A team from the Department of Veterans Affairs (VA) and Stanford University is exploring a new approach to clinical trials that experts say will cost less and be easier to translate into practice.
“It demonstrates an effective way to use electronic medical records to improve health care at a local level.”
A paper just released online in the journal Clinical Trials describes a “point-of-care” study now under way that will involve more than 3,000 Veterans with diabetes. The trial will compare two methods of treatment like many randomized clinical trials, but the approach embeds research into routine clinical care. It compares treatments that doctors are already using, and collects data on which treatments work best within the context of real-world, everyday practice.
“Point-of-care studies allow us to make randomized comparisons within the health care system, instead of ‘extracting’ patients and placing them in a special setting and protocol that are not part of everyday care,” said Dr. Joel Kupersmith, VA’s chief research and development officer.
The new approach was developed by a team led by informatics expert Dr. Louis Fiore of the VA Boston Healthcare System and Boston University; and Stanford University biostatistician Philip Lavori.
Key features of the new model include:
- Enrollment and randomization of study volunteers occurs during regular care – within the framework of a patient’s visit to their usual health care provider.
- Providers draw on data from electronic medical records -- or receive electronic alerts, delivered at the point-of-care -- to determine if a patient is right for a study.

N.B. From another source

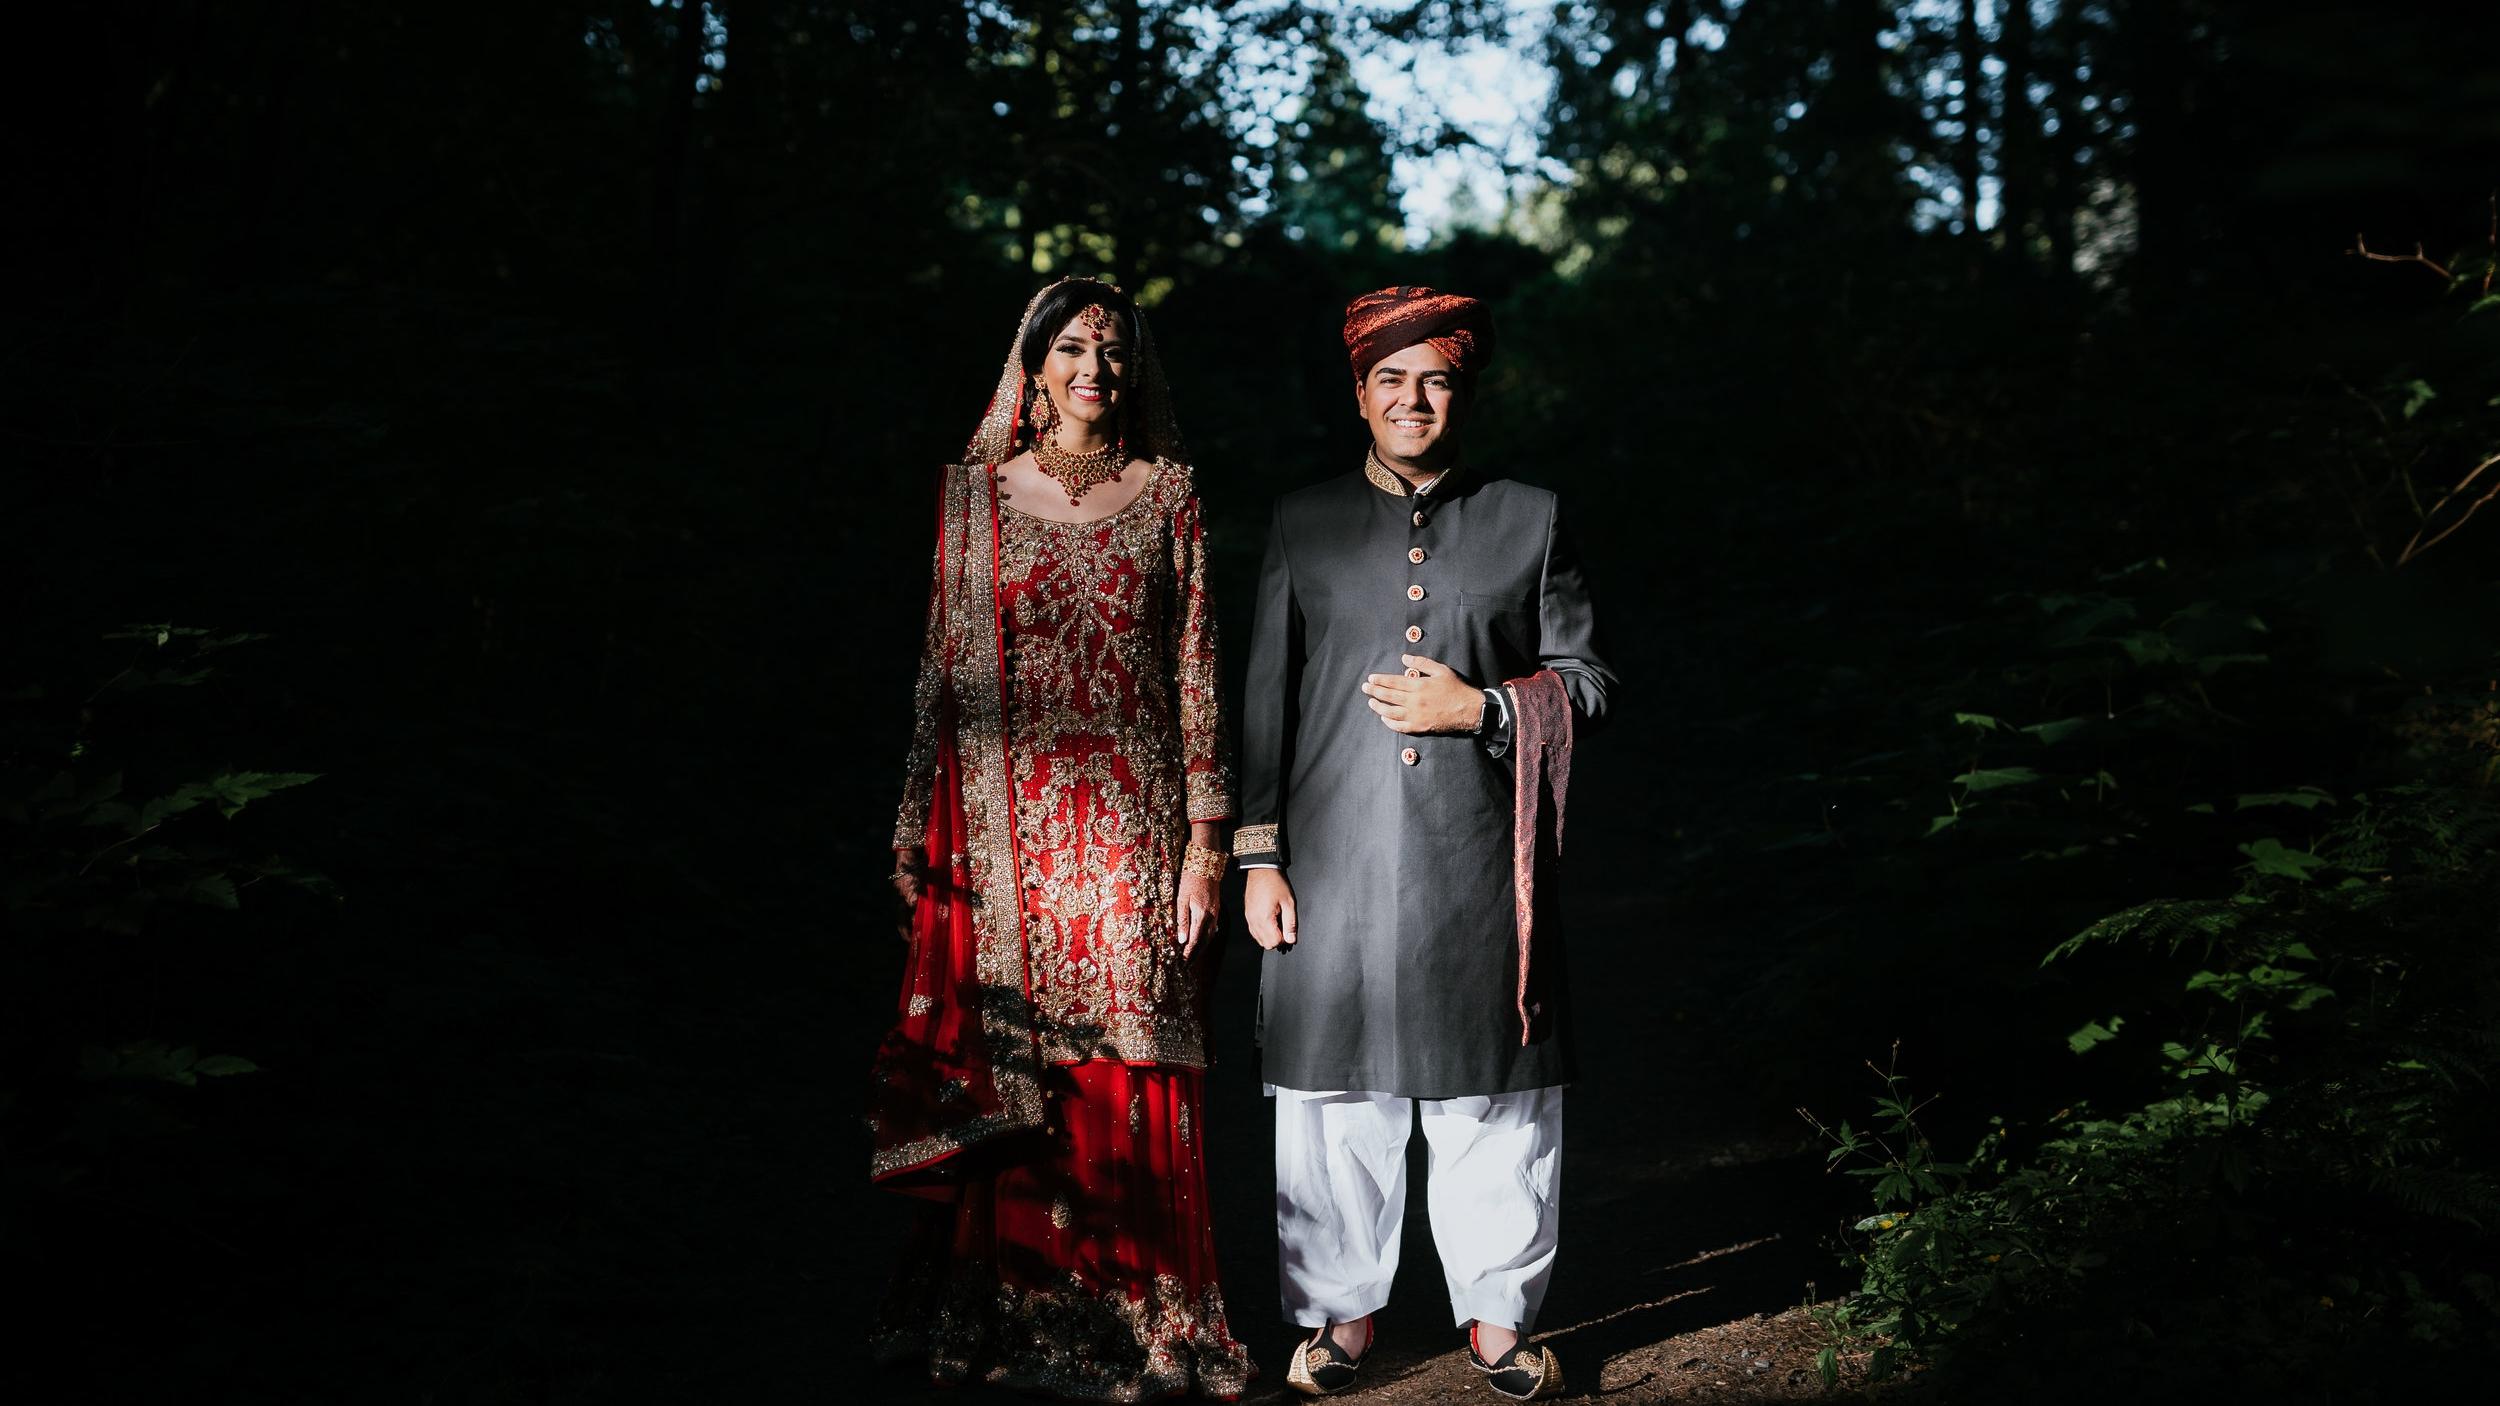 oliver-rabanes-vancouver-surrey-pakistani-wedding-photography.jpg
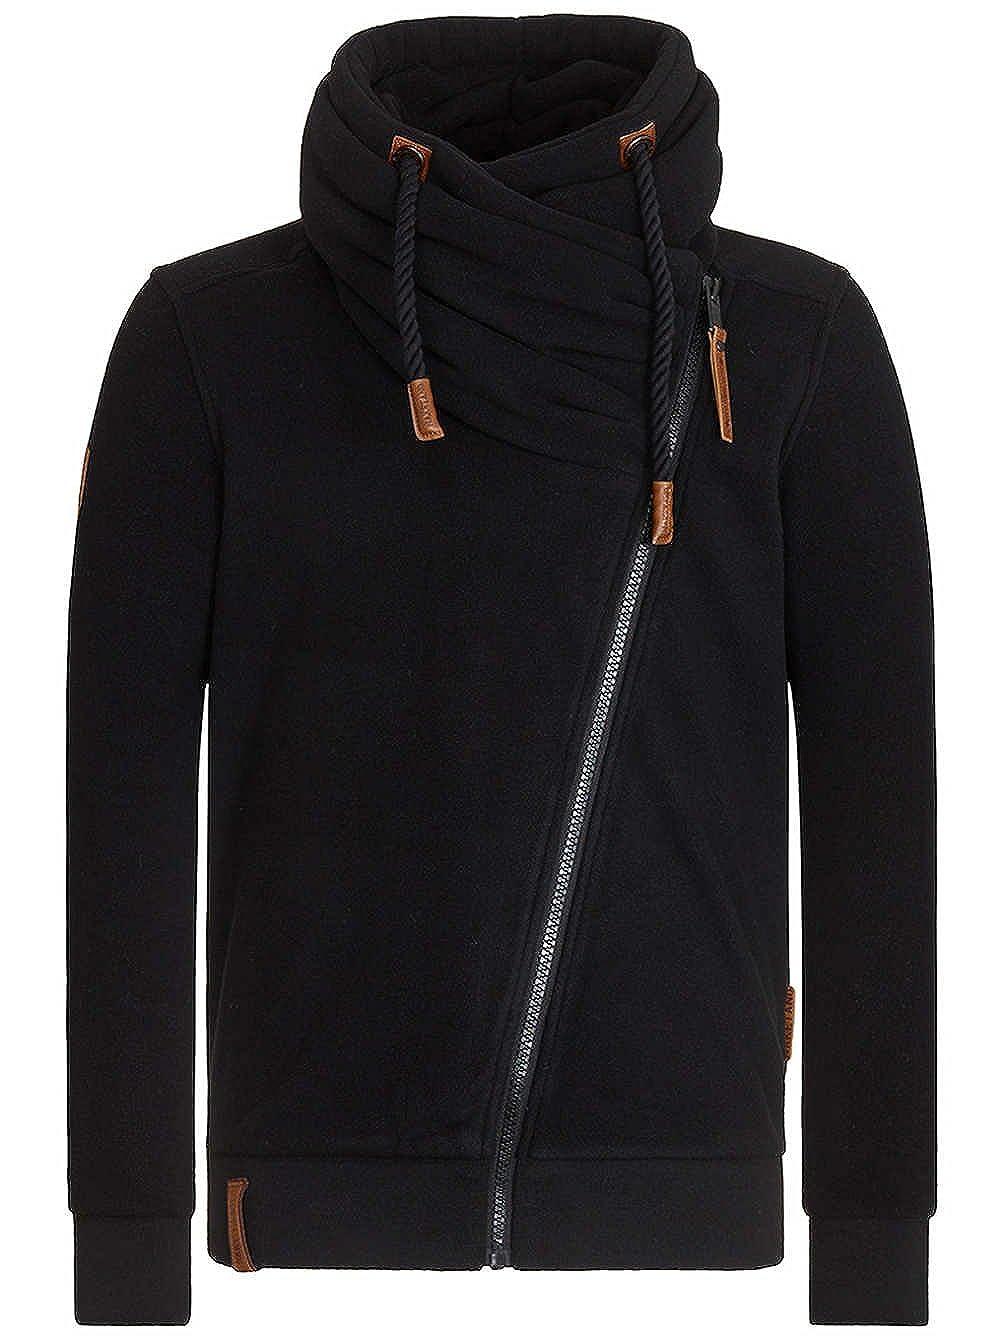 Zipped Jacket ´Gnadenlos durchgerattert II´ Naketano

- Patients who agree to take part are randomized into one of the study’s treatment arms and continue to receive care from their regular providers, with little or no deviation from routine care.
According to the Clinical Trials paper, a point-of-care trial shifts away from the asynchronous, distinct and separate environments of research and clinical care, toward a real-time integrated system of research-based care. The goal of the trial is to deliver the best care to patients while learning from each experience and redefining that care.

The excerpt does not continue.